以往入睡前,容珺是喜歡她不著絲縷的,可如今天氣漸涼,雲嬈有孕在身,他不想她有任何意外,對她的身子格外小心。

此時雲嬈已換好乾淨衣裳,懶懶地趴在他懷中,凝脂雪膚泛著沐浴後特有的漂亮的粉。

容珺手掌扣著她的楊柳細腰,白軟的美人勾弧度優美。

寫滿饜足的鳳眸,驀然微微一暗。

雲嬈察覺到危險,立刻嬌嗔道:“我真的累啦。”

容珺無奈的低下頭,在她眉眼一啄,微啞的嗓音很是動聽:“知道了,不鬨你。
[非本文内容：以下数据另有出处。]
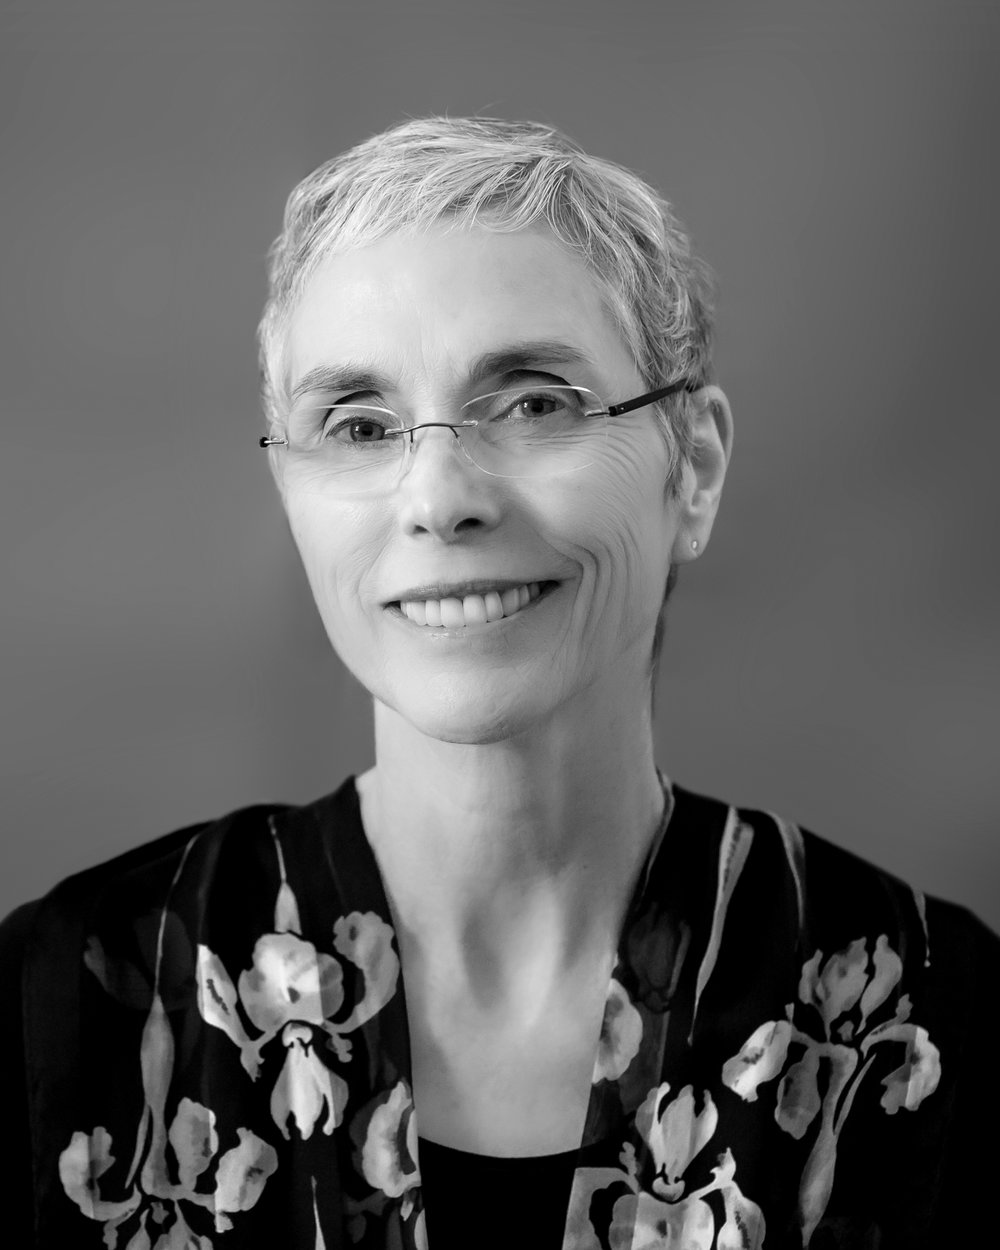 Patricia McKernon Runkle (600 dpi).jpg

”

榮平郡主的賞花宴明顯就是個鴻門宴,容珺自然不願雲嬈前往,被那些貴女平品論足。

“可是我若不去,她們也有話說不是嗎?”

雲嬈也很苦惱。

容珺不以為然地笑一笑:“不會的,此事嬈兒放心交給我便是。”

上次小報傳言滿天飛時,容珺也這麼說。

雲嬈一直都知道他厲害,以前也曾氣過他遇事總能如此氣定神閒,現在兩人說開了,再次見到容珺如此從容不迫的模樣,心裡隻有莫名的得意。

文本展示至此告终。